▶ [HOW TO COMPLETE THIS TASK]:
Scan the records beneath this line for the line holding "losangeles-artsdisctrict-coffeeshop-barista-shoes.jpg" and the line holding "Kosmetyki Batiste", then transcribe exactly those two and all lines between.

▶ [SUPPLIED DATA]:
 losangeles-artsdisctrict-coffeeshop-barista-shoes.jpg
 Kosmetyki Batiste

--

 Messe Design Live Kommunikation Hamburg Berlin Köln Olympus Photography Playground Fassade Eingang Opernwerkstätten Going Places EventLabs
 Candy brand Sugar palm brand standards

▶ [SOLVED EXERCISE]:
 losangeles-artsdisctrict-coffeeshop-barista-shoes.jpg
 Kosmetyki Batiste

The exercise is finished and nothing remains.